The case originates from a complaint filed by the intelligence arm of Iran’s paramilitary Revolutionary Guard. It involved an extensive interview ISNA published in January 2019 with former Ambassador to Germany Ali Majedi.

During the interview, Majedi appeared to criticize some operations by Iran’s intelligence apparatus in Europe.

The comments came after Germany arrested Vienna-based Iranian diplomat Assadollah Assadi, who prosecutors said belonged to the country’s Intelligence Ministry. The prosecutors allege Assadi gave a couple explosives and was involved in a plot to bomb an annual rally of the Iranian exile group Mujahedeen-e-Khalq group, or MEK, in neighboring France.

Separately, around the same time, Danish officials accused Iran of planning to assassinate members of the Arab Struggle Movement for the Liberation of Ahwaz living there. That group has claimed a series of attacks in Iran seeking to make the country’s oil-rich Khuzestan province its own country.

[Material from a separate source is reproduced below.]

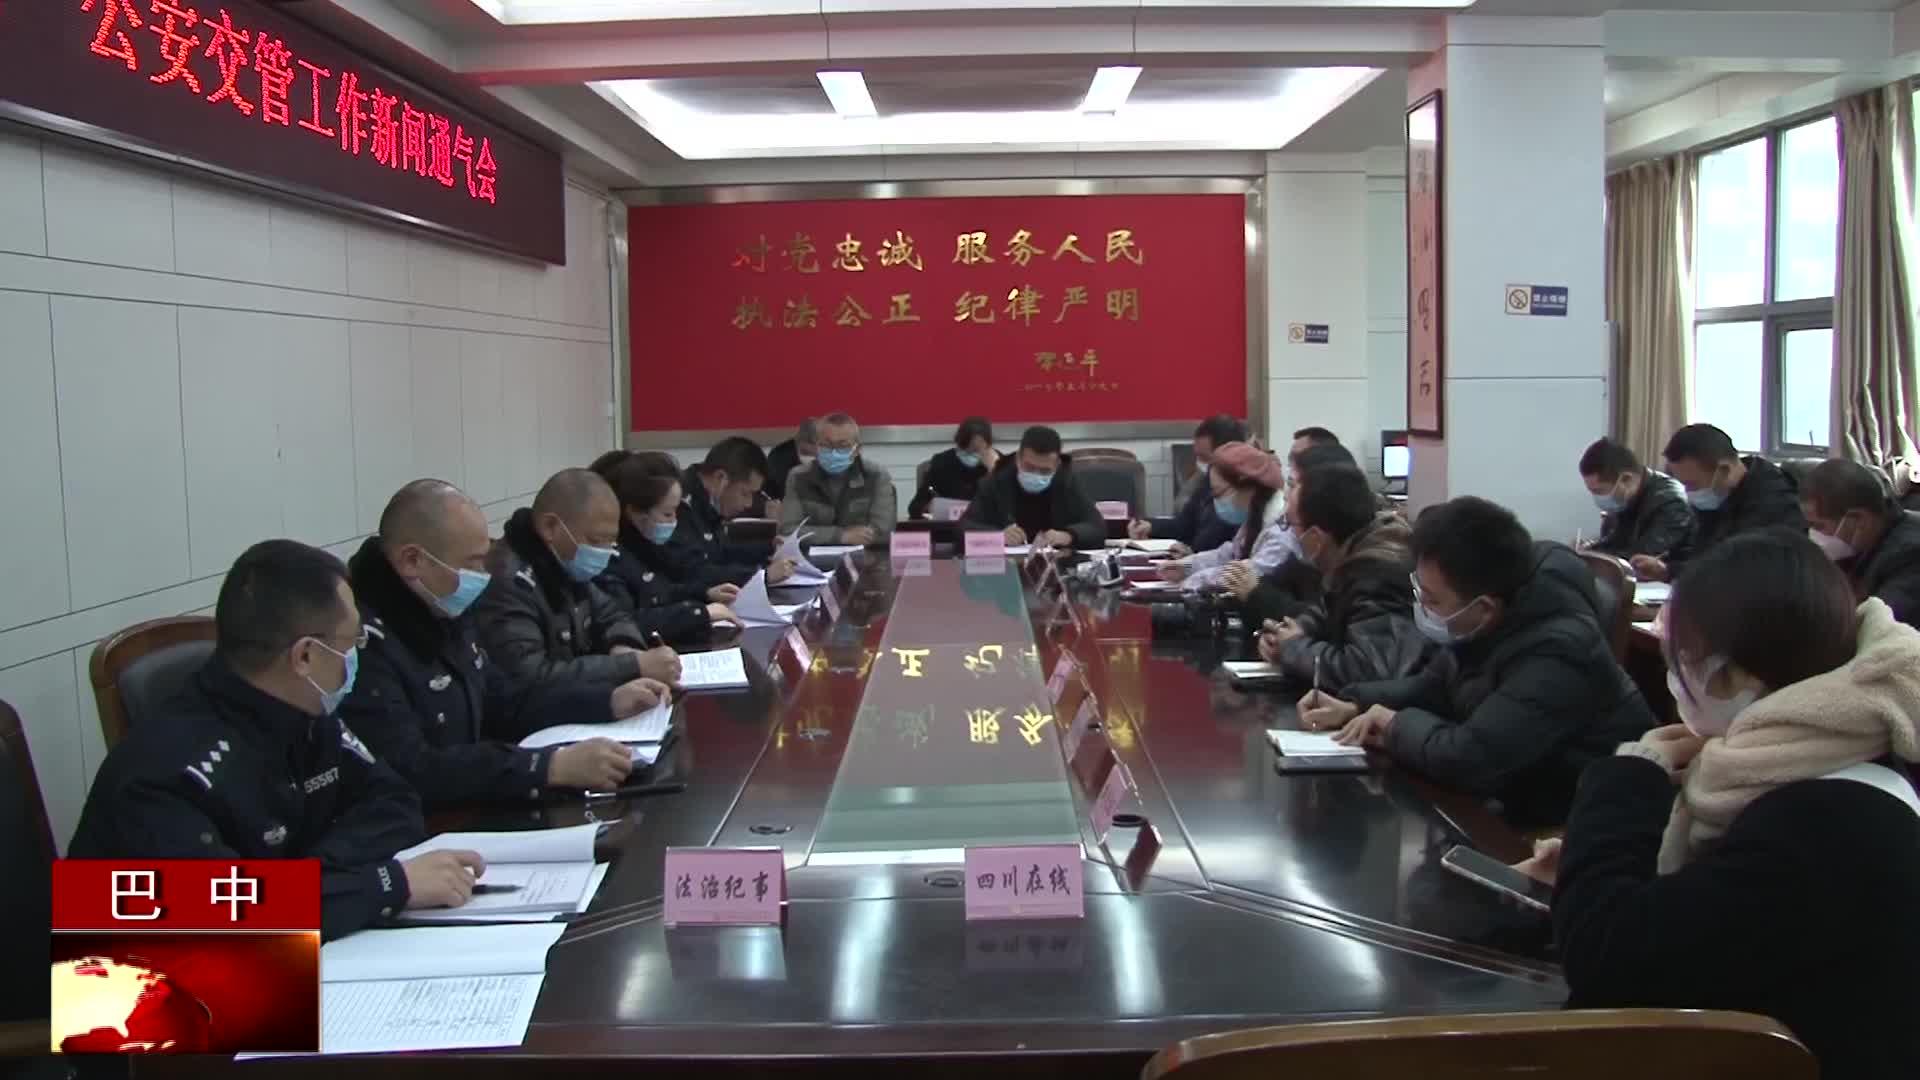 巴中交警:春节不打烊 全市道路交通秩序良好

“We are facing an issue inside the country, such as arbitrary operations,” ISNA quoted Majedi as saying. “Can we deny that there are no examples of this happening outside the country? Such operations damage the trust.”

The reporter who wrote the story and Majedi were found not guilty by Tehran’s Media Court in a hearing in May, CPJ said.

The Iranian Students’ News Agency, or ISNA, opened in 1999 as reformist President Mohammad Khatami sought to change Iran’s Shiite theocracy. While independent, it — like other semiofficial news agencies — operates under a license from the government.

Journalists in Iran face harassment from security services, while others have been imprisoned for their work. While local journalists face the brunt of that treatment, foreign journalists in Tehran, especially those with Western ties, have been imprisoned as well.